Zircon-III is represented by tiny (<1mm) idiomorphic prismatic and dipyramidic crystals with brilliant luster. The all crystals are immersed into fine-grained quartz aggregates. Zircon-III is characterized by distinct inner inhomogeneity – thin rhythmic zoning and sectoriality. The zoning pattern is the same one as for hydrothermal zircon, and sectoriality pattern indicates on the ununiform growth in moving solution that is confirmed by asymmetric structure of the crystals.

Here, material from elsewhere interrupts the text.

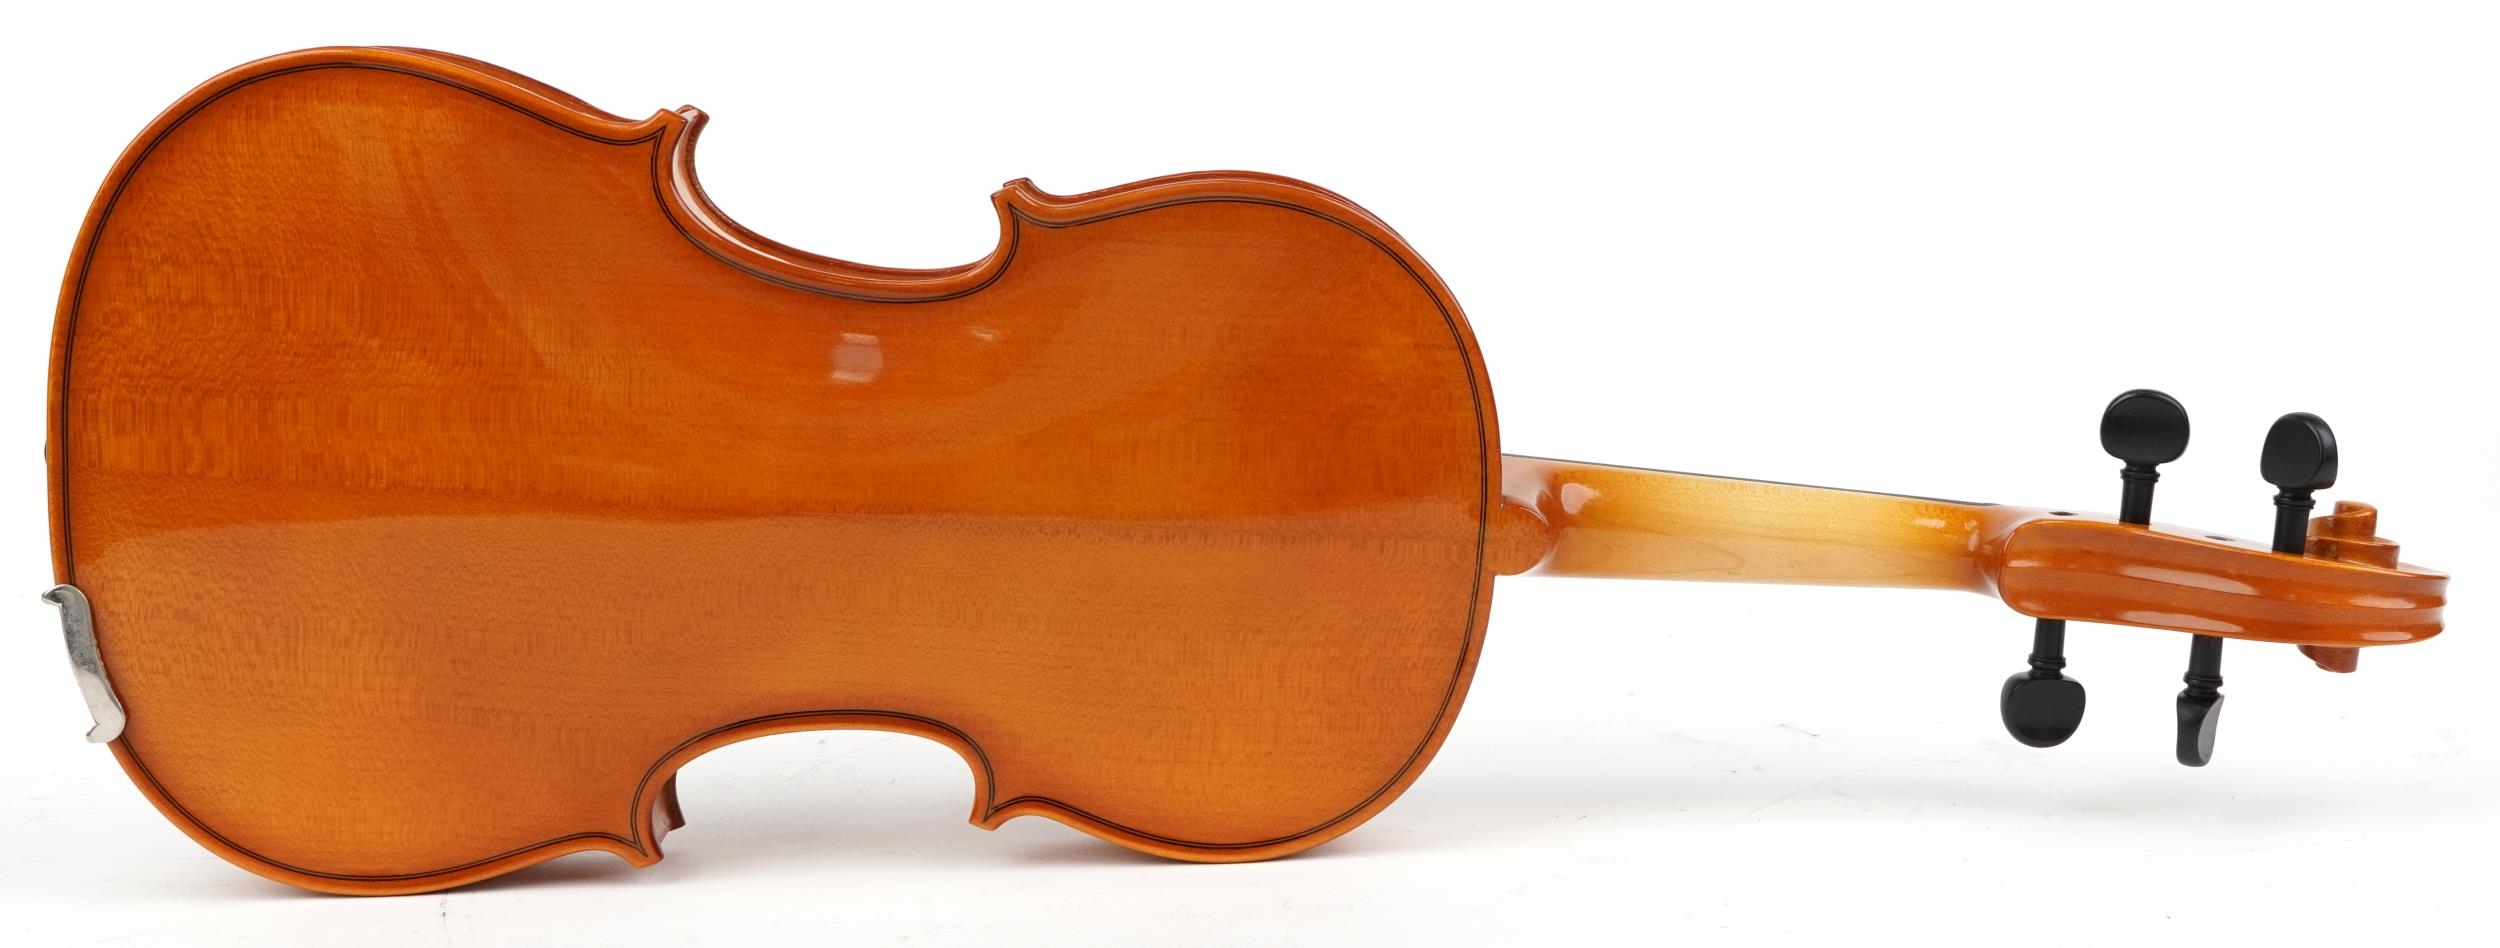 Andreas Zeller for Stentor, violin with fitted case, paper label to the interior, the back 15.5 - Image 6 of 12

The latest zircon-IV is represented by pink-colored tiny (<1mm) xenomorphic grains and rim zones around the yellow-colored zircon-III. Only the rhythmic zoning is revealed for this type.

 

Рис_2 ENGL

Fig. 2. Diagram ZrO2-HfO2 for zircon of different genetic types (I, II, III) from the pegmatite body “Zirkonovoye”. Group IV – magmatic zircon from Belye tundry and Zapadnokeivsky alkali granite massifs.

 

Fig_2 ENGL

Fig. 3. Chondrite normalized REE pattern for the “yellow” type zircon from the pegmatite body “Zirkonovoye”, Belye tundry alkali granite massif.

 

From the ZrO2/HfO2 ratio the zircon composition is changed from earliest genetic types (average 22.15) to latest (average 17.33), that is in the accordance with crystallization sequence of mineral formation (Fig. 2). The trace element study of zircon by the local technique revealed that the mineral is selectively concentrates LREE (except of La) and inherits the geochemical specific of alkali granite magma (high Y content, negative Eu anomaly). The positive Ce-anomaly indicates on oxidized conditions of mineral crystallization (Fig. 3). The calculated crystallization temperature for zircon is very high and closed to alkali granite magma minimum temperature. The U-Pb isotope dating of pegmatitic zircon (2656±5 Ma) shows its temporal closeness to the time of granite formation (2654±6 Ma), that confirms the assignment of interior pegmatite to the earliest post-magmatic event of alkali granite complex.